Limited reserves and a need to protect domestic consumers have forced Ukraine to reduce flow to Europe by a net 21 million cubic meters per day, said Oleh Dubina, chairman of the Ukrainian natural gas monopolist Naftohaz Ukrainy.

Overall supplies to Europe from Russia on Thursday were for practical purposes at normal levels, with a relatively small reduction in flow from Ukraine cancelled by an increased flow through Belarus.

Gas supply within Ukraine was normal as well, according to eyewitness reports.

The breakdown in talks between Moscow and Kiev has raised fears of a repeat of 2006, when a similar cutoff caused gas shortages and price spikes in western Europe. Gazprom blamed Ukrainian siphoning off of gas at the time.

Tymoshenko reassured EU Commission President Jose Manuel Barroso on Wednesday that gas transit would continue uninterrupted, but Gazprom accused Naftogaz of "blackmailing" it with threats in talks to seize transits to Europe.

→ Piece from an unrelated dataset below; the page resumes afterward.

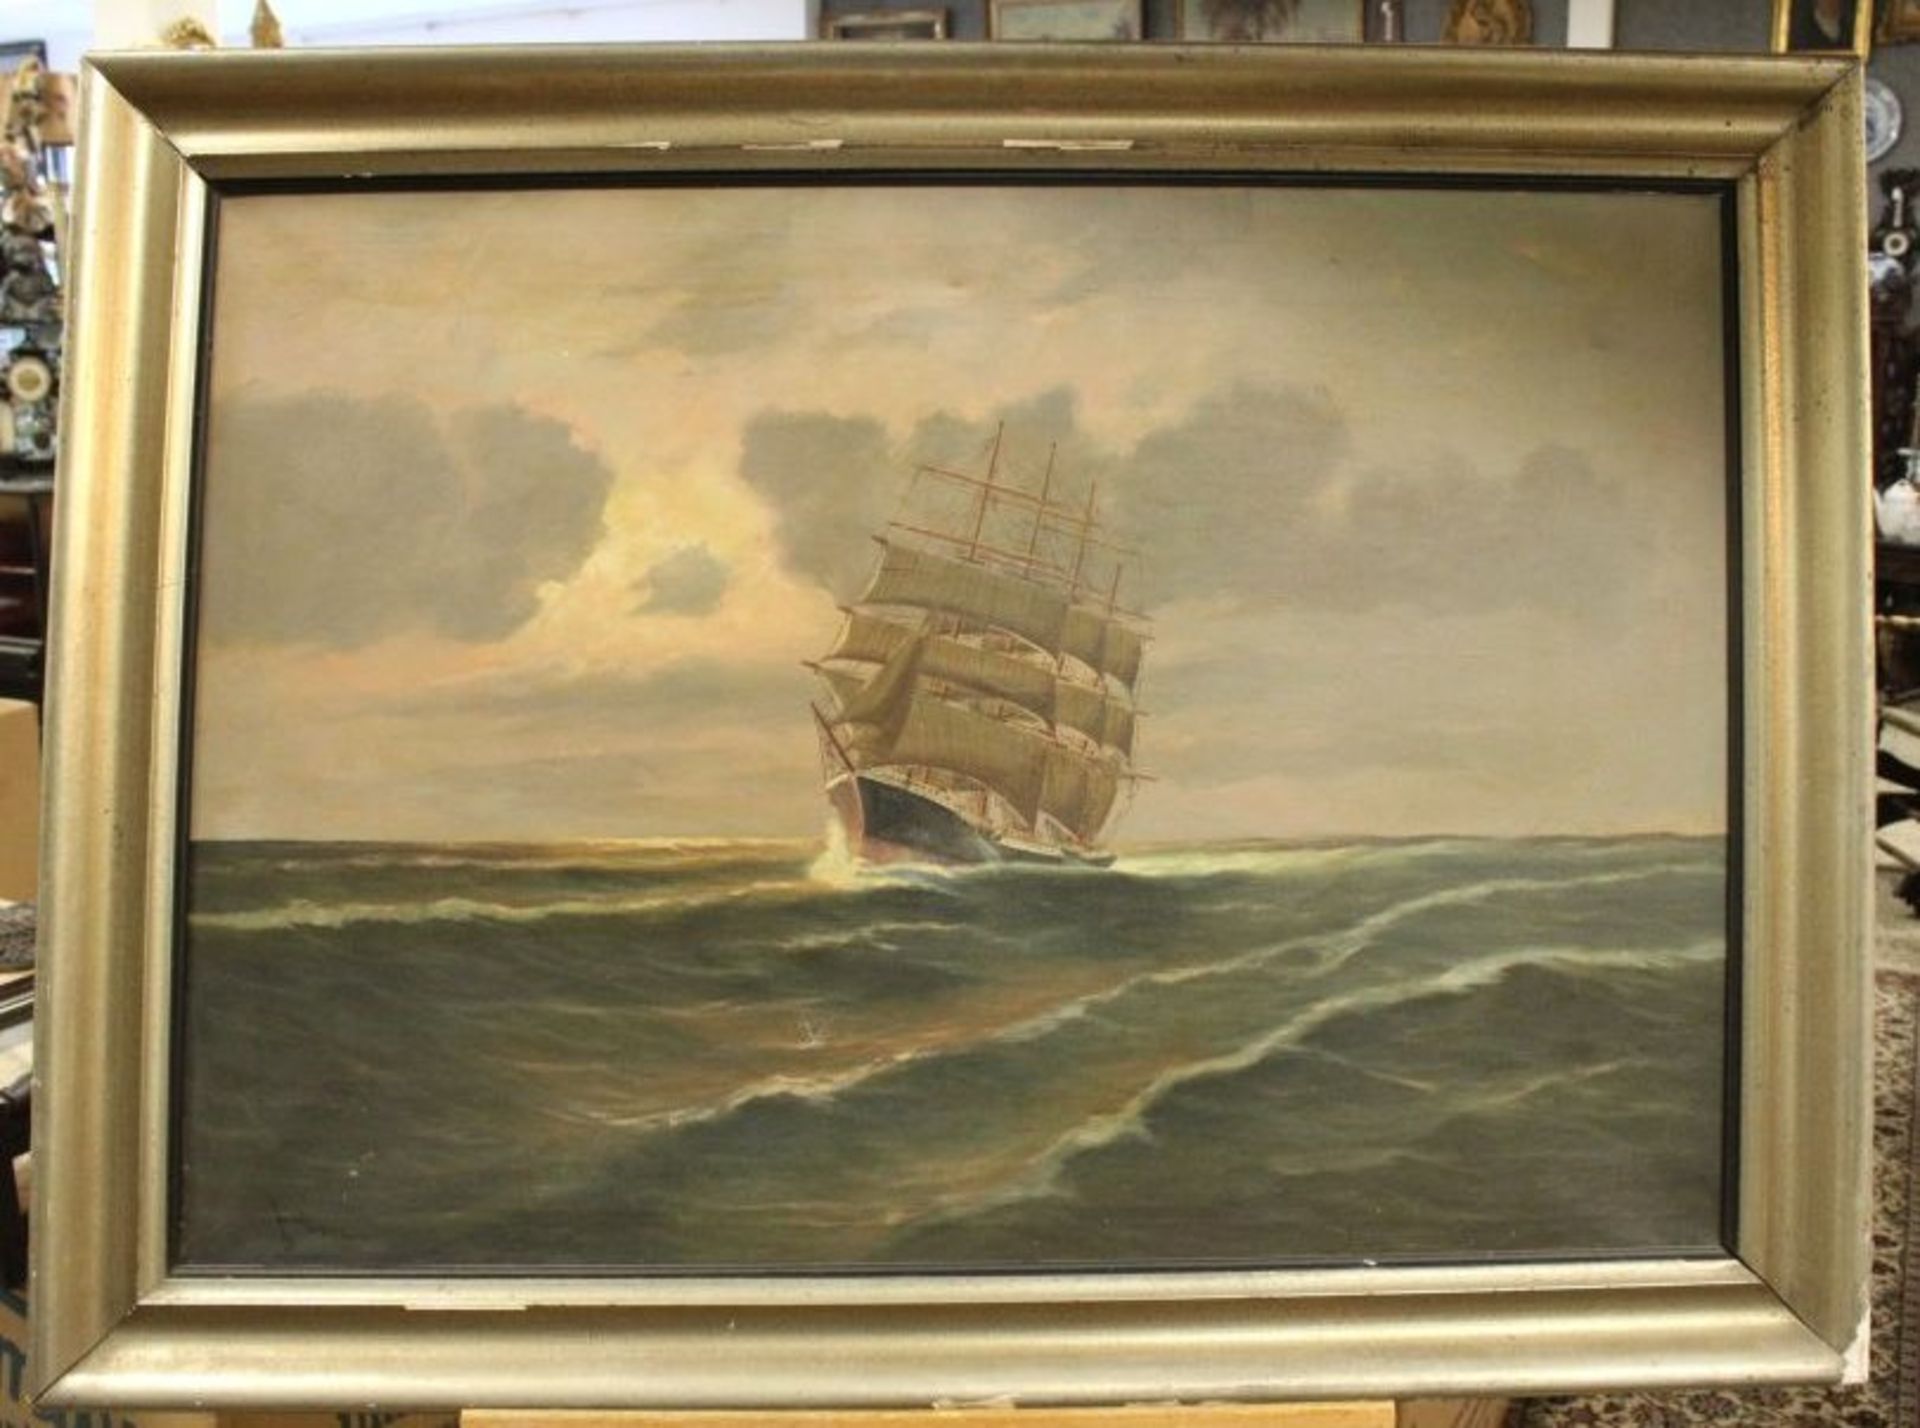 unleserl.signiert "Viermaster auf See", Öl/Leinwand, gerahmt, Rahmen beschädigt, RG 81 x 114cm - Bild 4 aus 5

Over 80 percent of Russian gas exports to Europe pass through Ukrainian pipelines.

Tough negotiations

Negotiating positions between the two countries on a new gas contract were still far apart on Wednesday evening. Ukraine rejected a Russian offer for deliveries at $250 (179 euros) per 1,000 cubic meters without a change to gas shipment tariffs charged by Ukraine for on-shipment to Europe.

The Yushchenko-Tymoshenko statement, however, said Ukraine could accept a maximum price of $201 dollars for Russian gas and a minimum 15-percent hike in transit fees.

Russian Prime Minister Vladimir Putin on Wednesday called Russia's position "very favorable" for Ukraine, and declared the 250 dollar rate the Kremlin's final offer.

Naftogaz and Gazprom officials on Thursday traded accusations of breaking off talks, blaming their opposites for the Wednesday end to negotiations. Both companies issued statements declaring themselves ready to re-start discussions.